> **Data block**
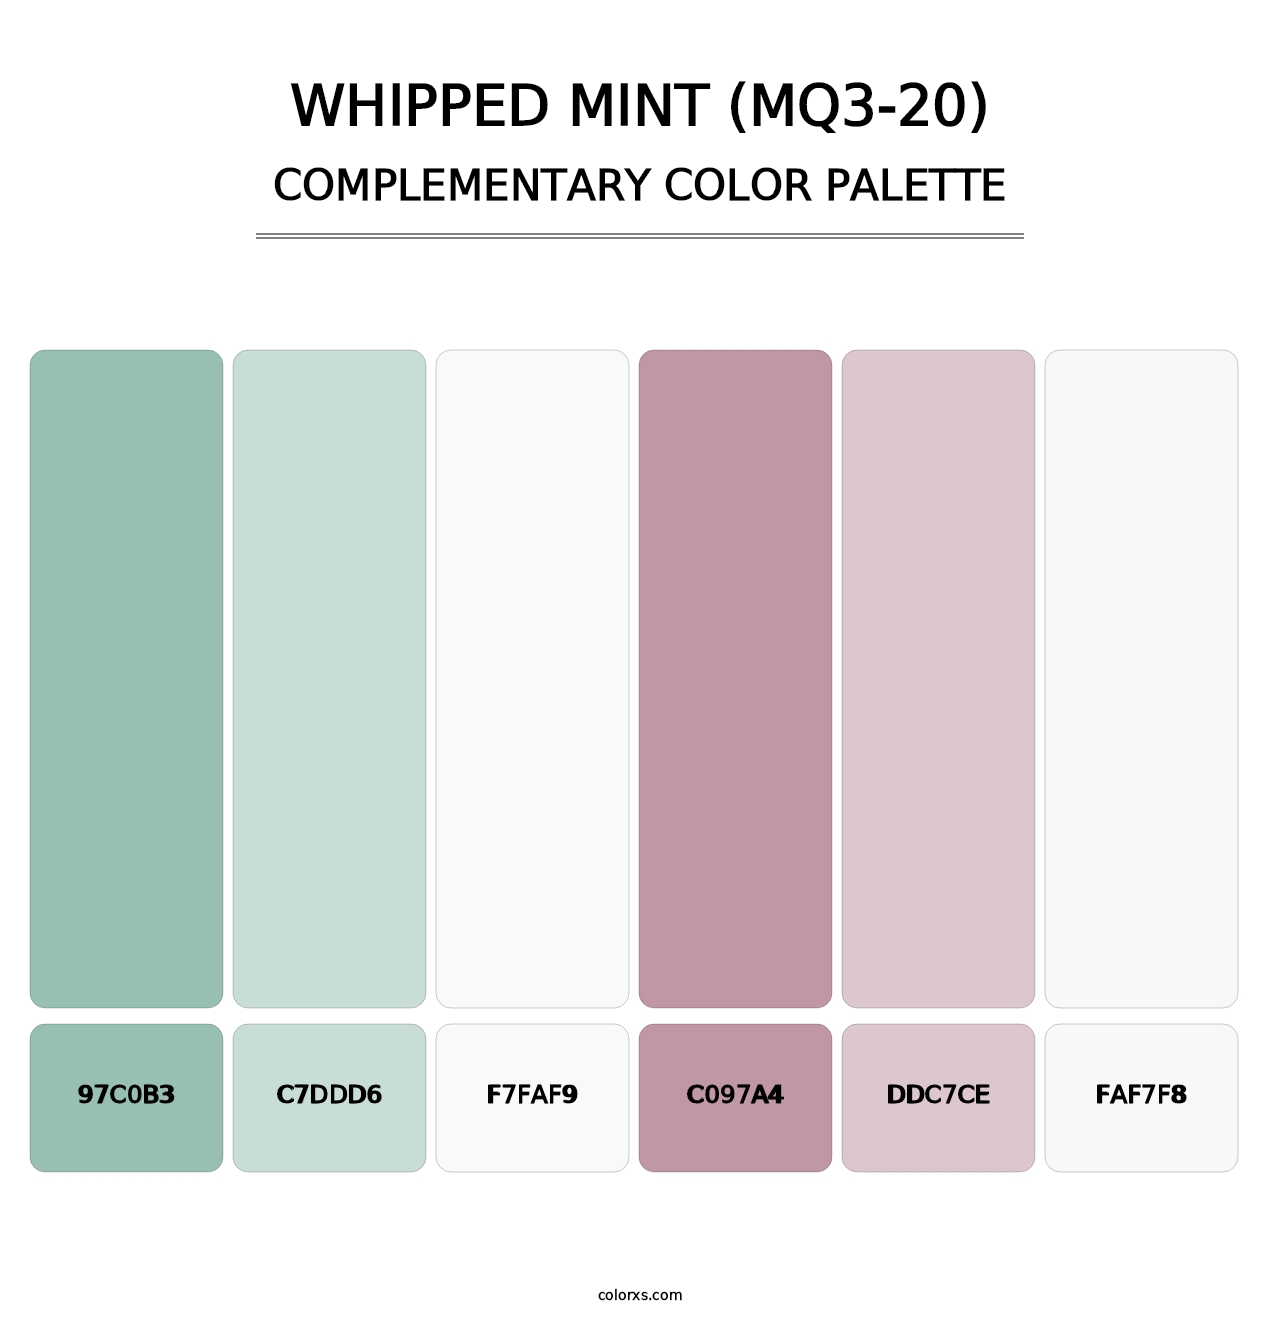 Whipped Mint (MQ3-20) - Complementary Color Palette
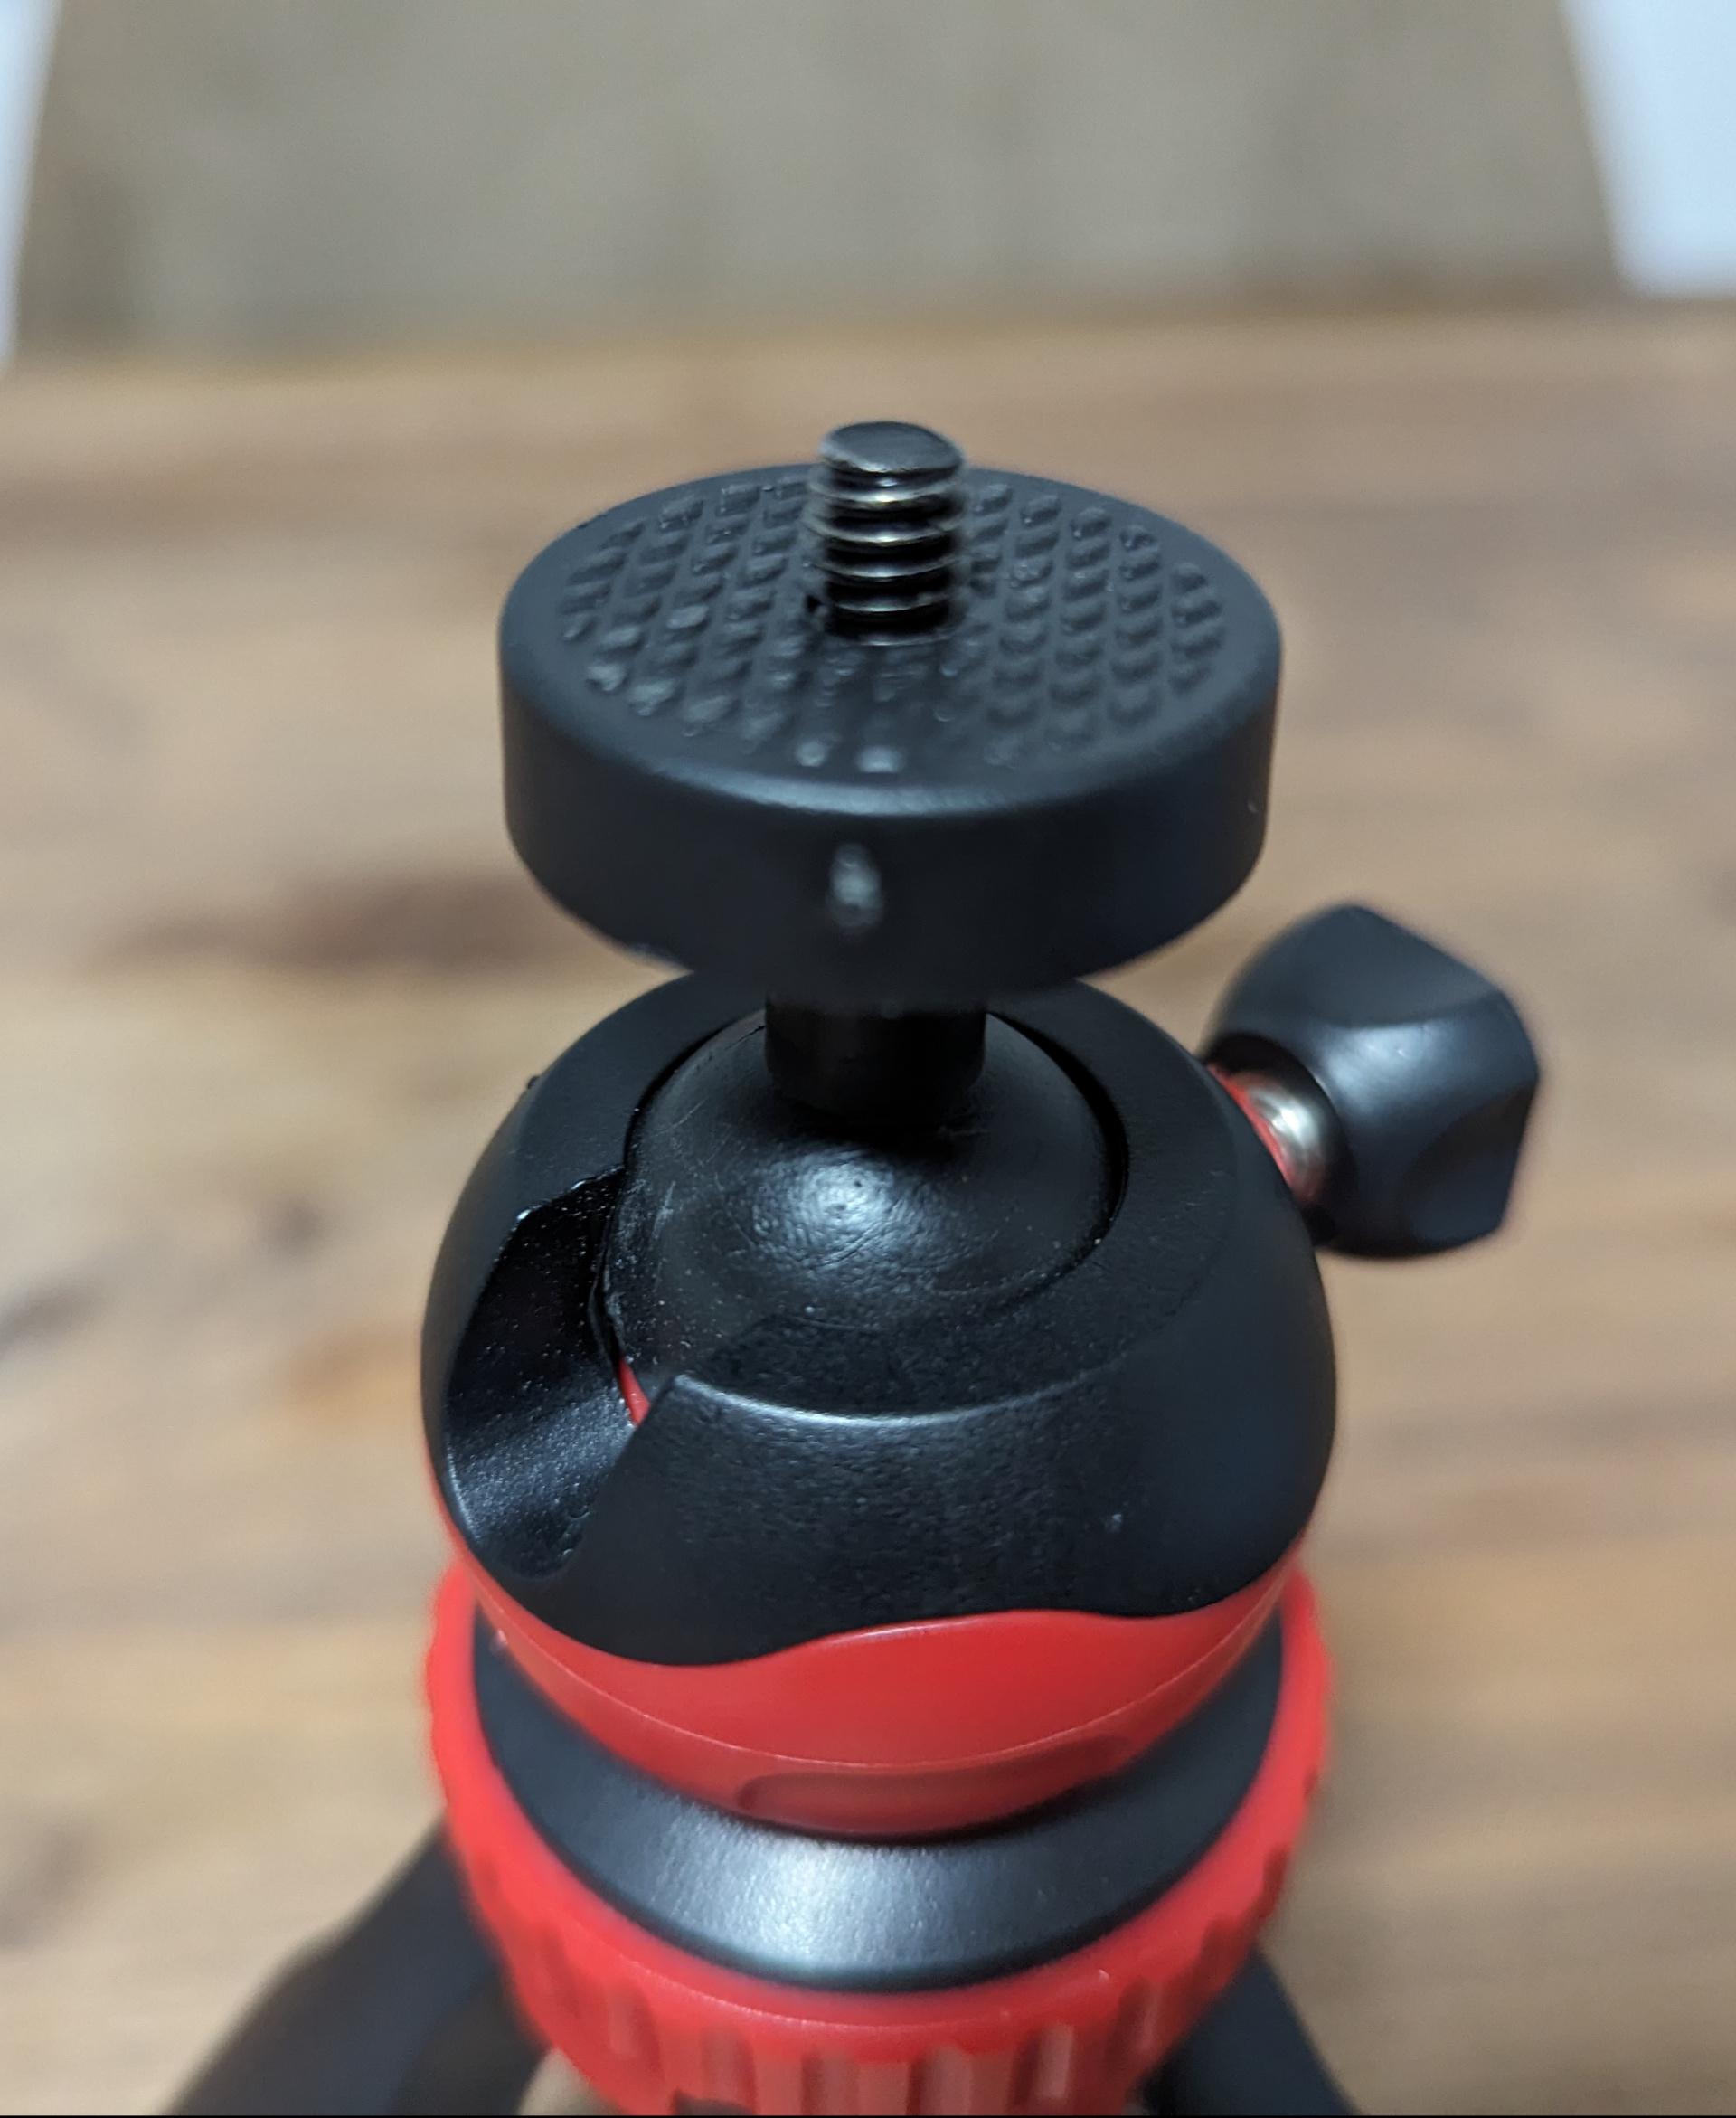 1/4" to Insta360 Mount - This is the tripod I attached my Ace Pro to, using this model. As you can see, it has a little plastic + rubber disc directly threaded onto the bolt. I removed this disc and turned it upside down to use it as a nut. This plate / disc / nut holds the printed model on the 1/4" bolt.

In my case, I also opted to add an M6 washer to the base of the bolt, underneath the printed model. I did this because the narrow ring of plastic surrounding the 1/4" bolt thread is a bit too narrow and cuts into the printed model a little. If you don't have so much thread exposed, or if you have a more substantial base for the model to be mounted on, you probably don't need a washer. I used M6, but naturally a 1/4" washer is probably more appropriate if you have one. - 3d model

> **Exercise prompt**
Output exactly the span of lines from the top of the listing through the line holding "to Insta360 Mount", and leave every picture out.

> **Result of this task**
 Whipped Mint (MQ3-20) - Complementary Color Palette
 1/4" to Insta360 Mount - This is the tripod I attached my Ace Pro to, using this model. As you can see, it has a little plastic + rubber disc directly threaded onto the bolt. I removed this disc and turned it upside down to use it as a nut. This plate / disc / nut holds the printed model on the 1/4" bolt.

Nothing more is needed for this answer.